As we will be plotting two more graphs of the same type and using the same type of container, it is practical to create a function for the above plot type:

def plot_line_graph(list_, labels_):

    # process parameters

    char_array = np.array(list_)

    plt_title, plt_ylabel, plt_xlabel = labels_

    # set up plot

    fig, ax = plt.subplots()

    plt.title(plt_title)
    plt.ylabel(plt_ylabel)
    plt.xlabel(plt_xlabel)

    x_values = char_array[:,0]
    x_range = np.arange(len(x_values))
    y_values = char_array[:,2].astype(int)
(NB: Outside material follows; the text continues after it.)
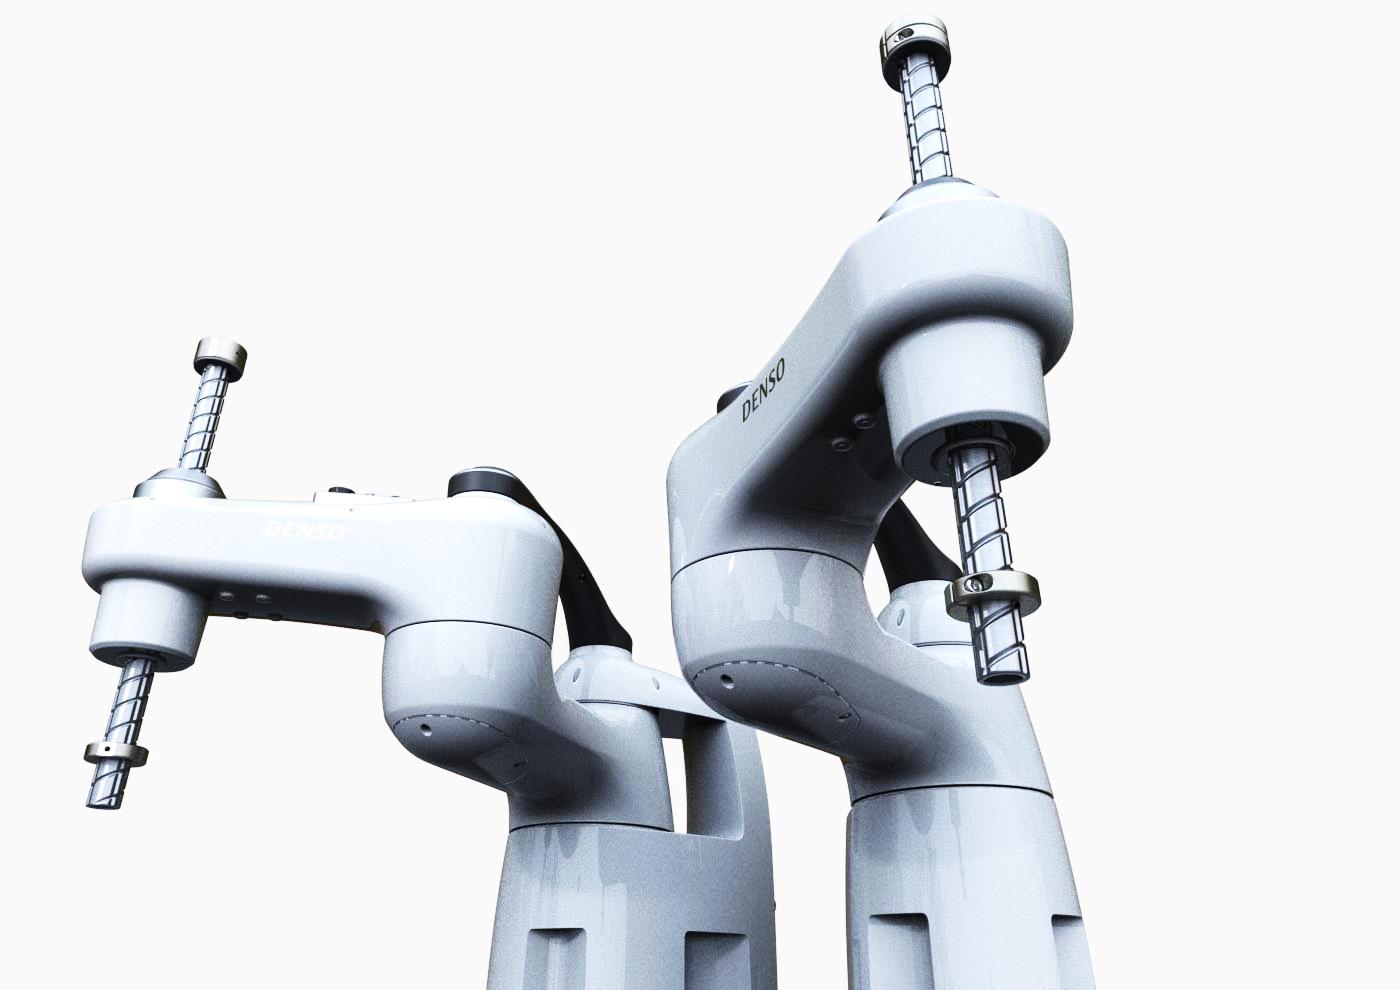 robot industriali Denso KLAIN robotics

    ax.set_xticks(x_range)
    ax.set_xticklabels(x_values, rotation=45)

    ax.plot (x_range, y_values)

Now we can pass a container and a list of labels to the function to generate additional plots:

labels = ['Number of characters encoded in Unicode', 'Characters', 'Versions']
plot_line_graph(DA_char_totals, labels)

image

Line graph: number of other entities per version

labels = ['Number of other entities encoded in Unicode', 'Entities', 'Versions']
plot_line_graph(DA_other_totals, labels)

image

Line graph: number of codepoints assigned per version

labels = ['Number of codepoints encoded in Unicode', 'Noncharacters', 'Versions']
plot_line_graph(DA_codepoint_totals, labels)

image

Plot stacked bar graphs

We can also plot the growth of number of characters using a stacked bar graph. Each bar is segmented into smaller categories in order to convey the smaller units that constitute the whole value.
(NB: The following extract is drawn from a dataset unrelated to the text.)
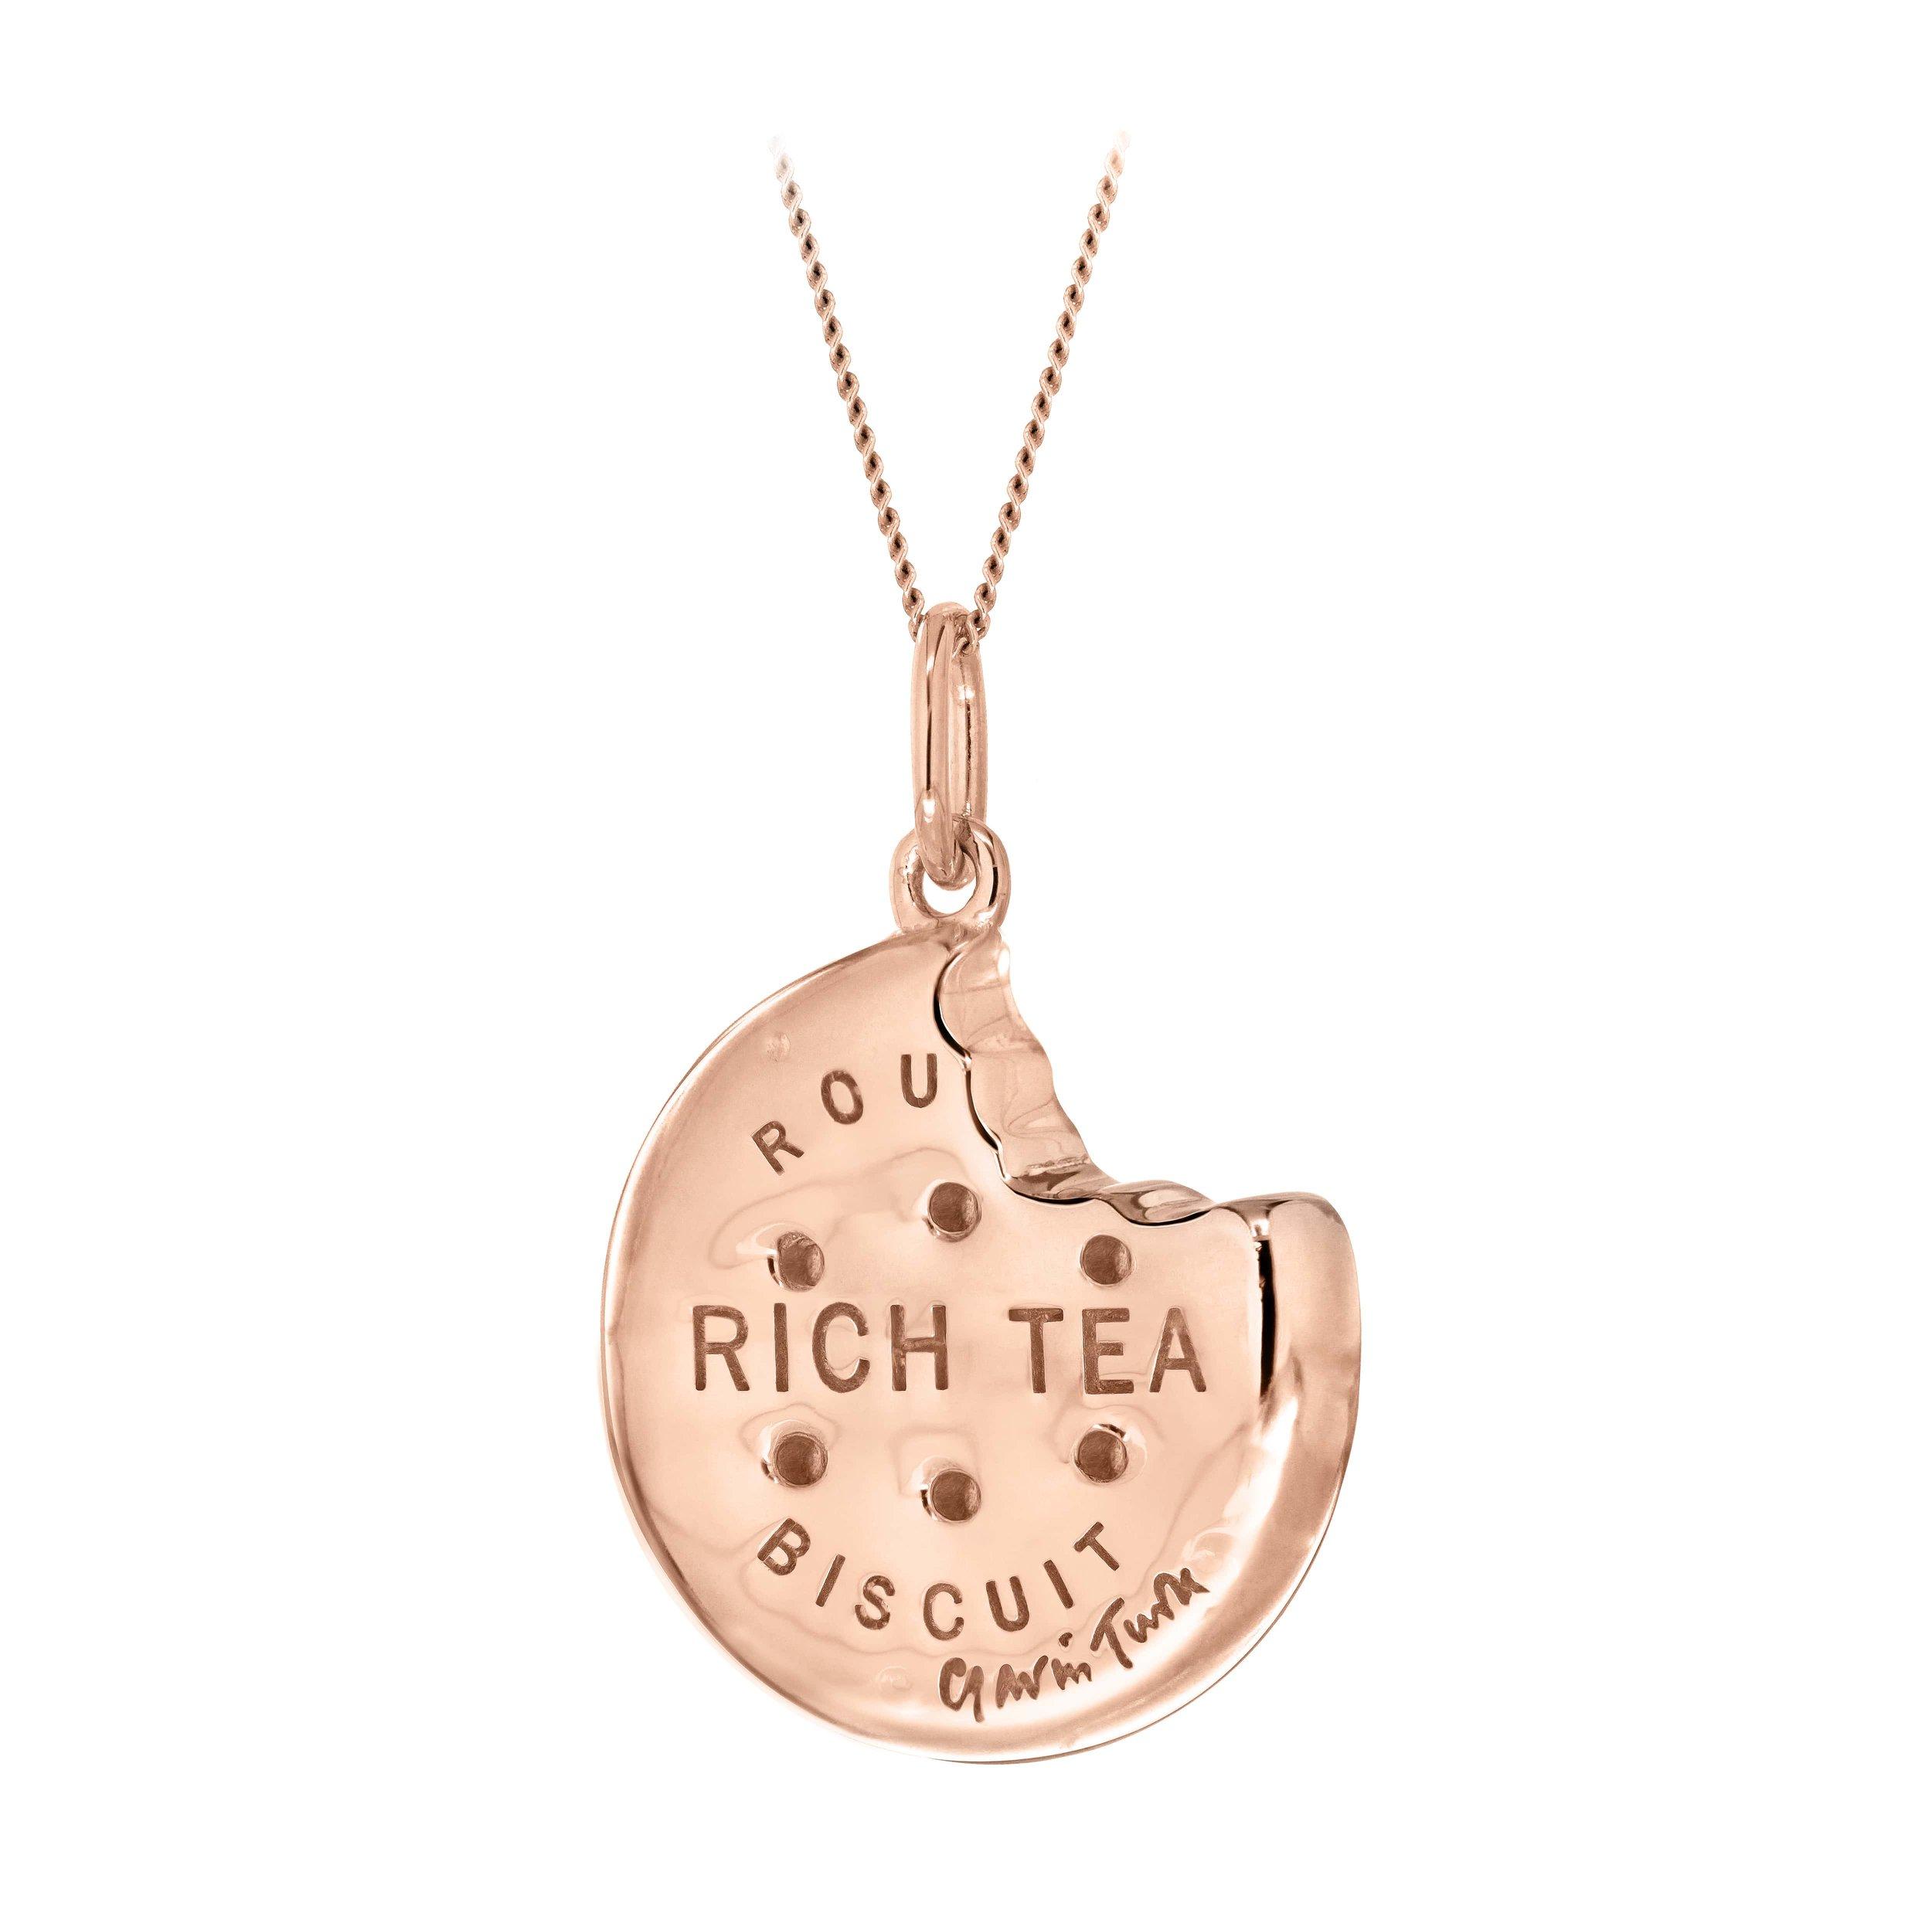 True Rocks Rich Tea chain

The x axis is the arange of the number of versions, not the version number itself. We will display the actual version numbers by modifying the labels of the plot. Our stacked bar requires two y values: the first (bottom) is the number of new characters per version, the second (top) is the value from the previous version, or, the difference between the total characters for a given version minus the new characters added.
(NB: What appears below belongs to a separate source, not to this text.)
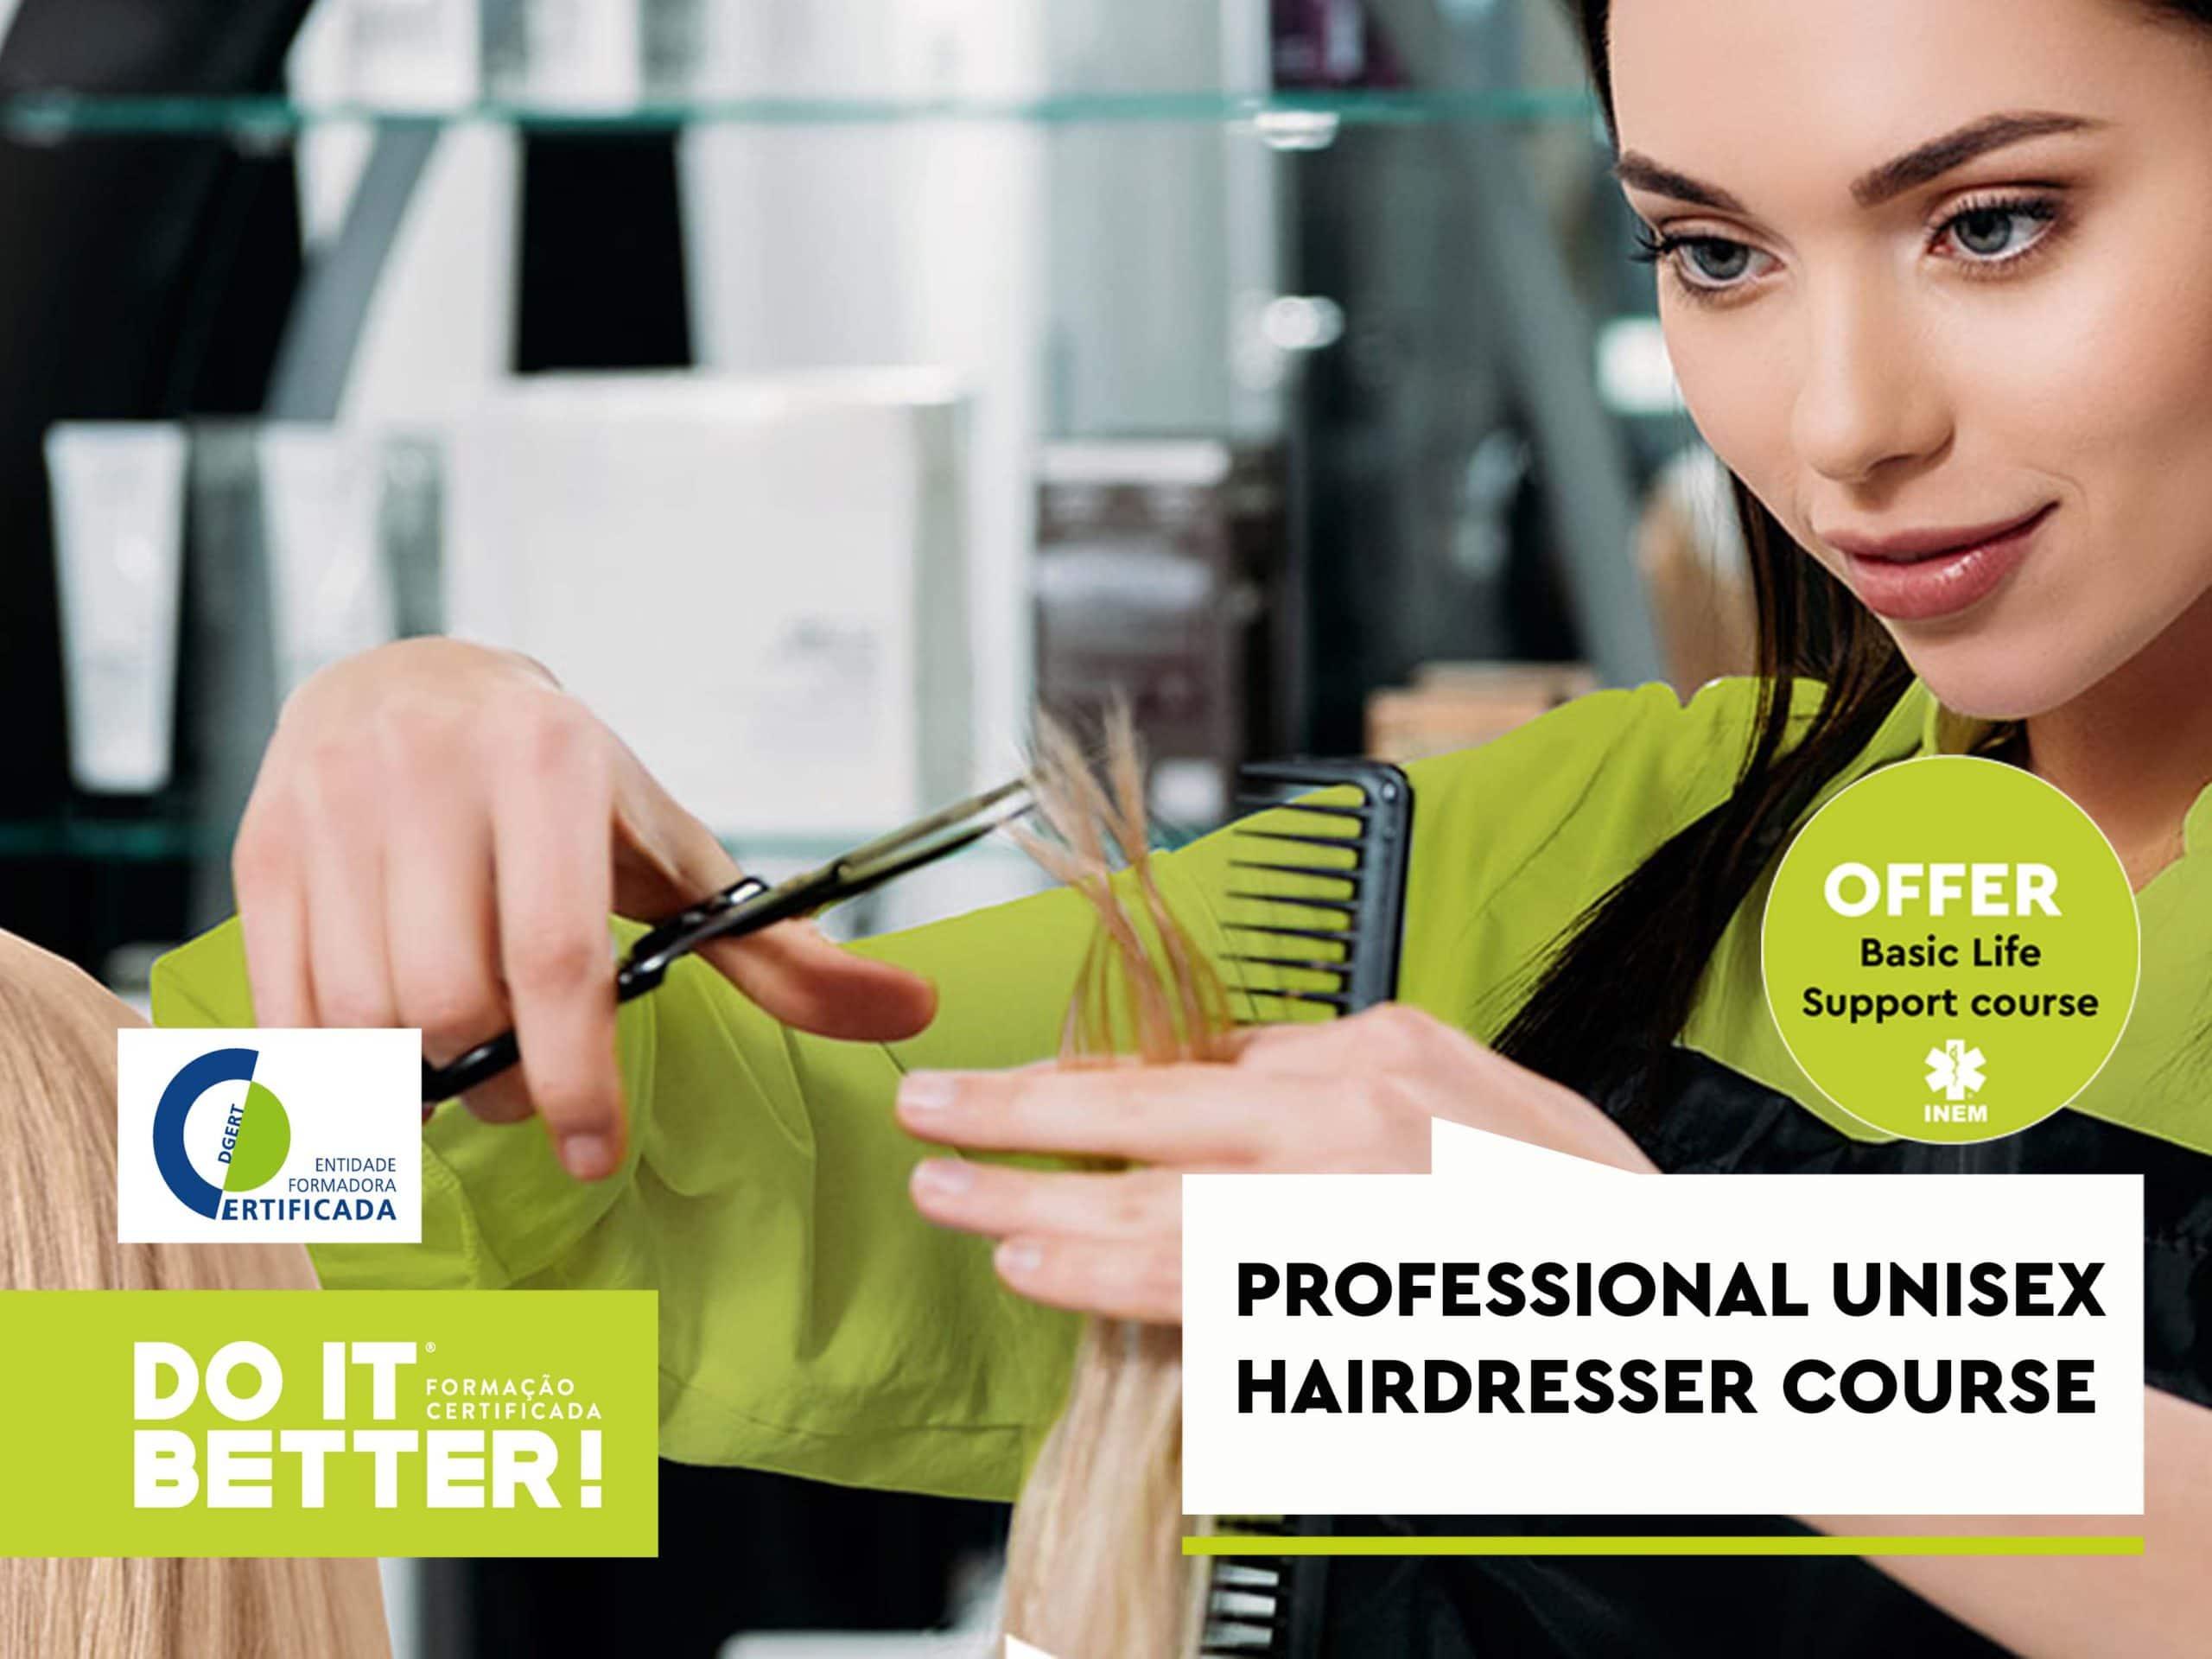 Professional Unisex Hairdresser-offer

We’ll convert a list of lists to a numpy array, then read columms from the array into lists using numpy slice, eg. [:,0].

Bar graph: growth of number of characters per version

char_array = np.array(DA_char_totals)

Get the difference between the total characters and the new characters for each version. This is expressed as follows:

diff_array = char_array[:,2].astype(int) - char_array[:,1].astype(int)

Set up the plot:

fig, ax = plt.subplots()
ax = plt.axes()

ax.set_title('Characters per version')
ax.set_ylabel('Number of characters')
ax.set_xlabel('Versions')

x_values = char_array[:,0]
x_range = np.arange(len(x_values))

y1_values = char_array[:,1].astype(int)
y2_values = diff_array

y_total = char_array[:,2].astype(int)

ax.xaxis.set_major_locator(ticker.FixedLocator(x_range))
ax.xaxis.set_major_formatter(ticker.FixedFormatter(x_values))
ax.set_xticklabels(x_values, rotation=45)

ax.bar(x_range, y1_values, width=1, label = 'New chars')
ax.bar(x_range, y2_values, width=1, bottom=y1_values, label = 'Total chars')

image

Commentary

This exercise helped us to convert our data from lists into graphs using matplotlib. The text tables I produced in the previous exercise, but the visualizations give us another perspective into the growth of Unicode.